_ACTIVITY_.
Output, exactly as written, the lines below from the one that has "Hotel Palacio Torre" through the one that has "Emporio Armani \N"; nothing else, and no pictures.

_DATA FOR PROCESSING_.
[Start of section]

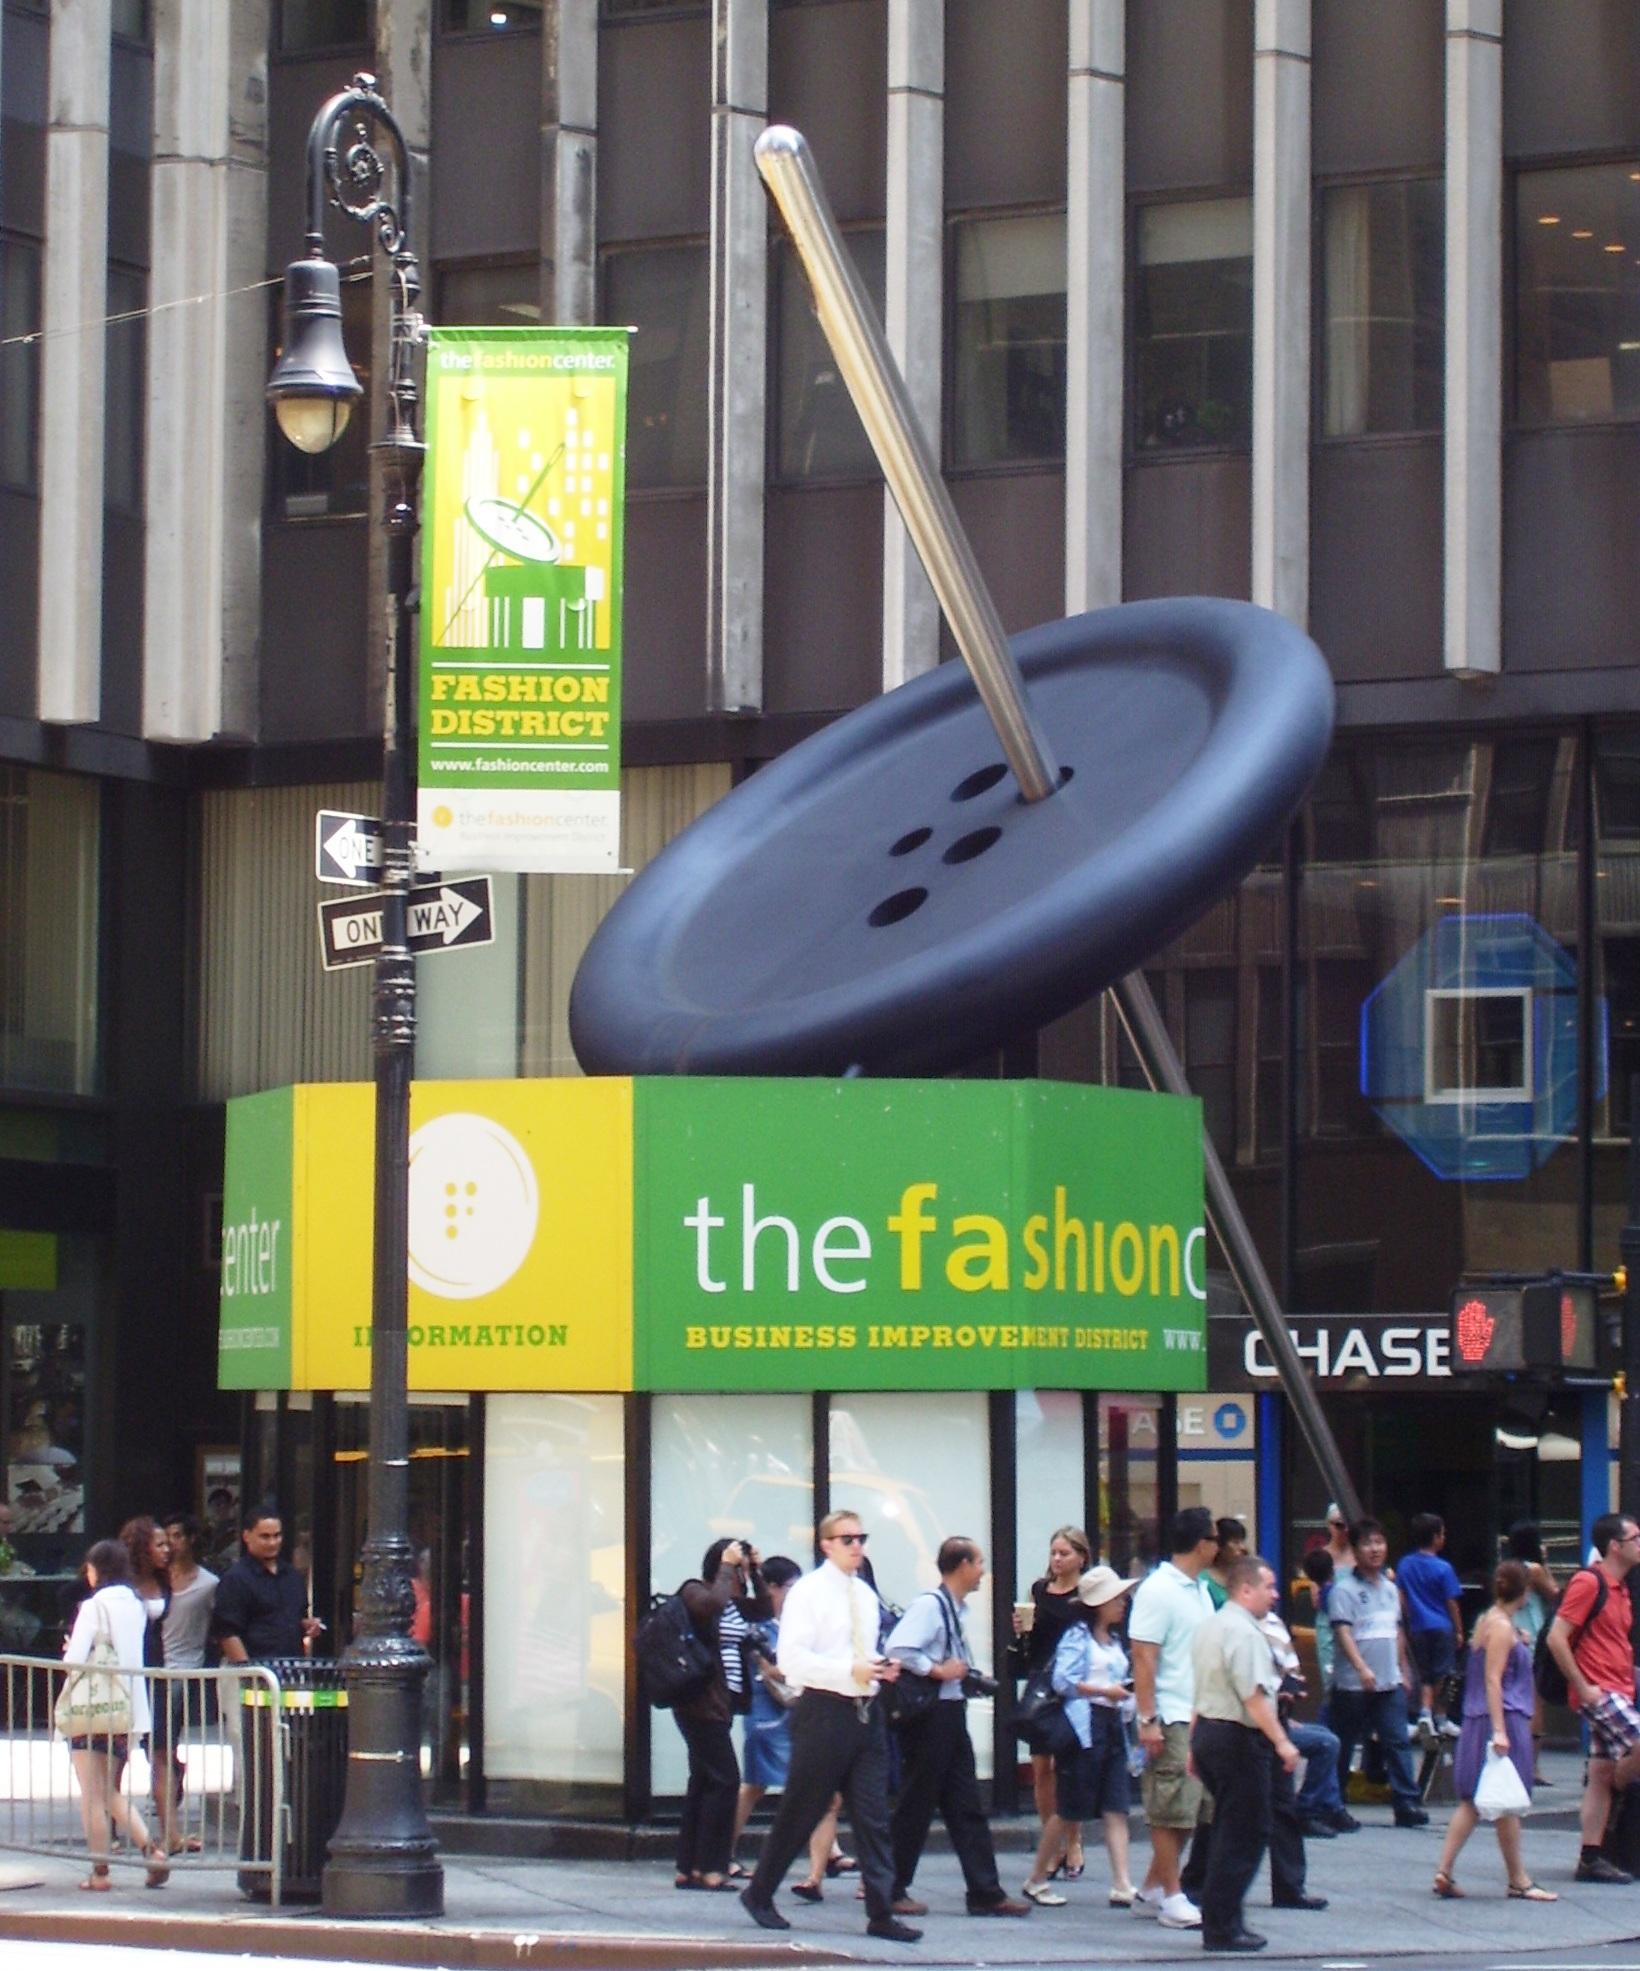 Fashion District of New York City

[End of section]
[Start of section]

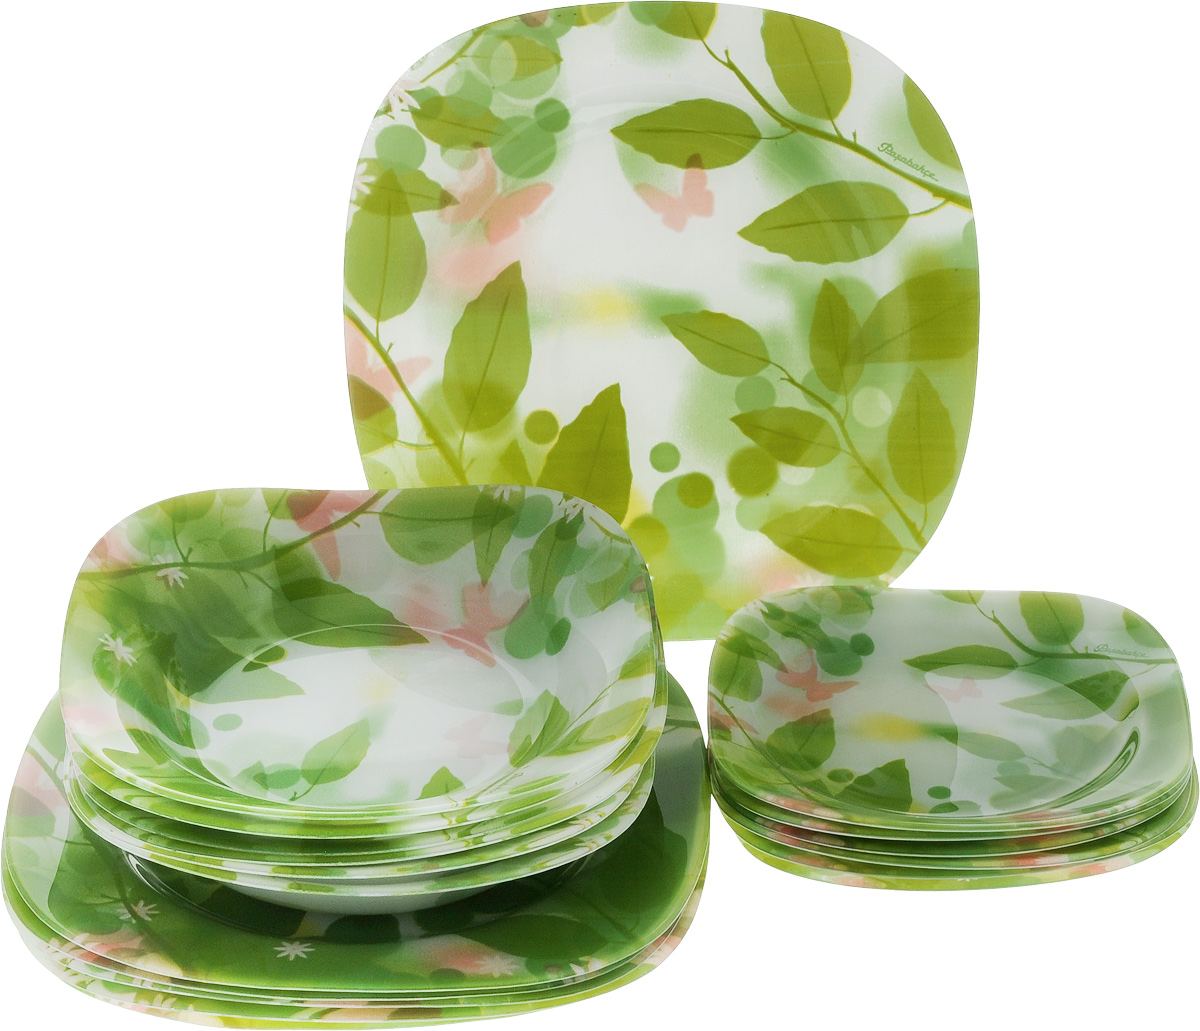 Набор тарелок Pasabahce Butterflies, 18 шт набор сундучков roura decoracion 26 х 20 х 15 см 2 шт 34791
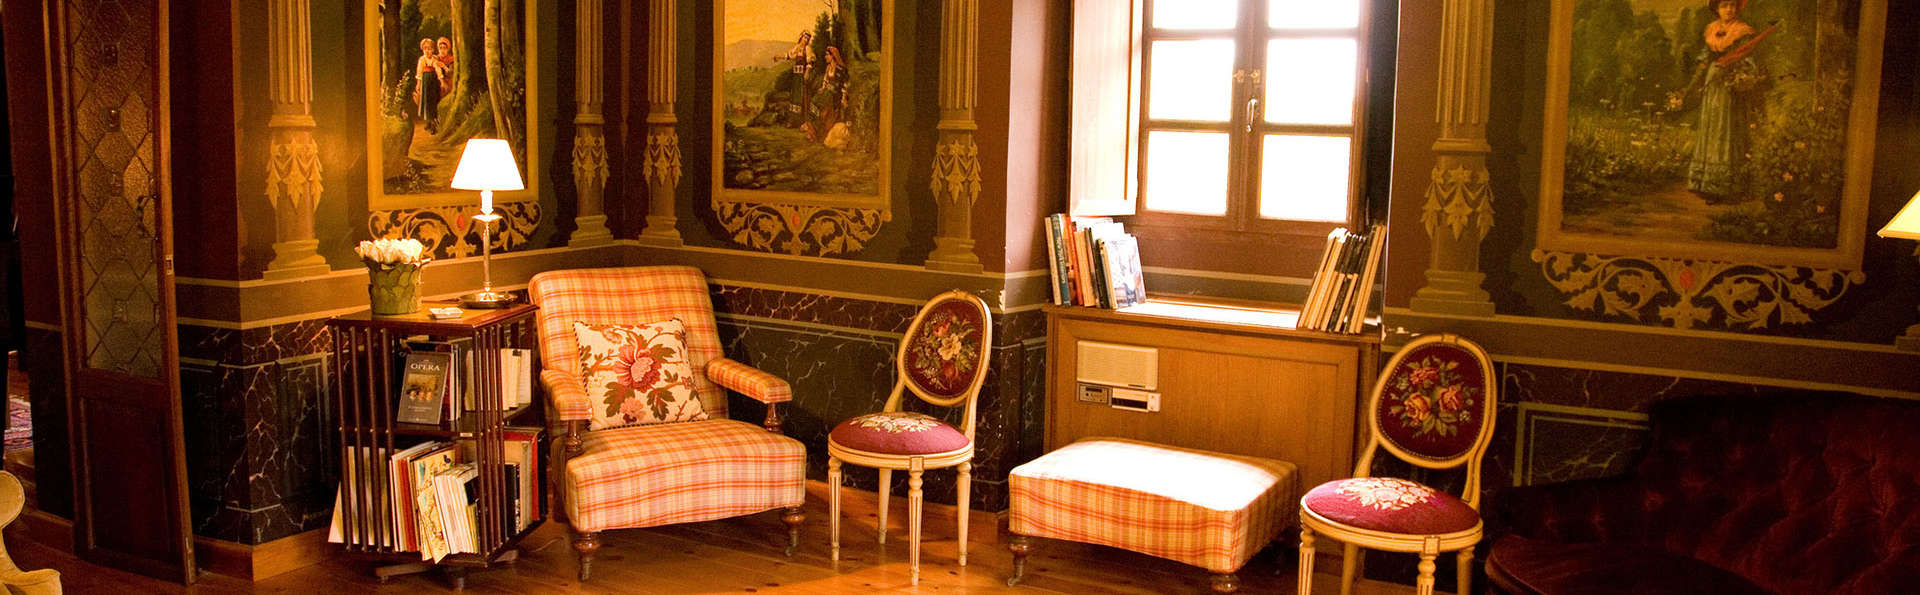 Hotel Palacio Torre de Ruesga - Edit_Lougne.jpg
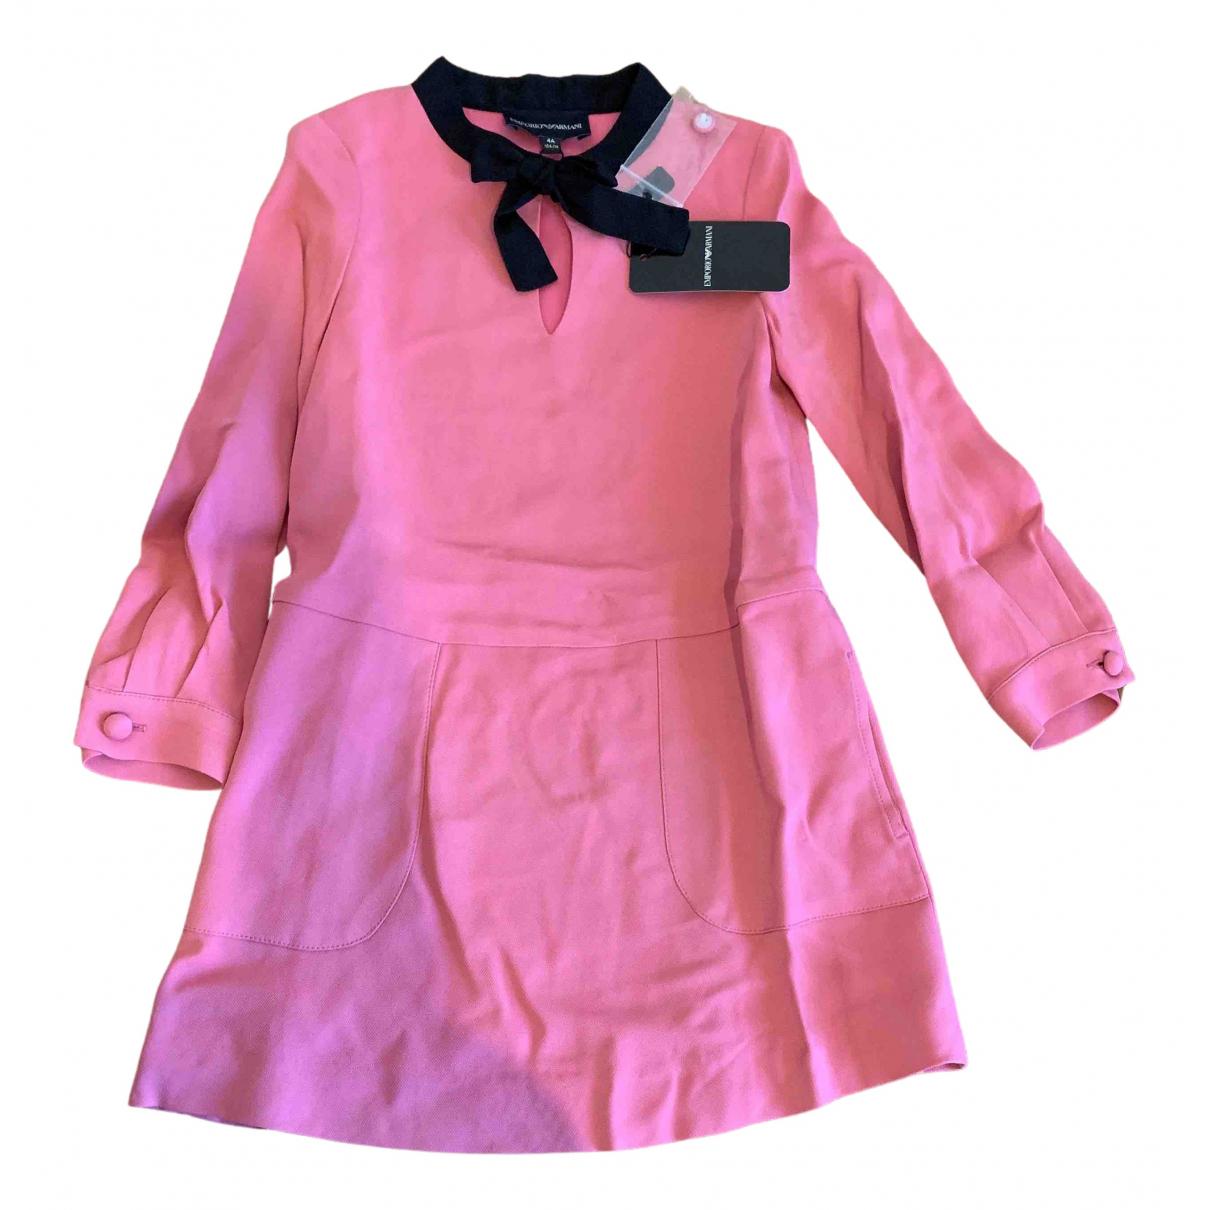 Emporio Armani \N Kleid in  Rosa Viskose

[End of section]

_RESPONSE FOR THIS EXERCISE_.
 Hotel Palacio Torre de Ruesga - Edit_Lougne.jpg
 Emporio Armani \N Kleid in  Rosa Viskose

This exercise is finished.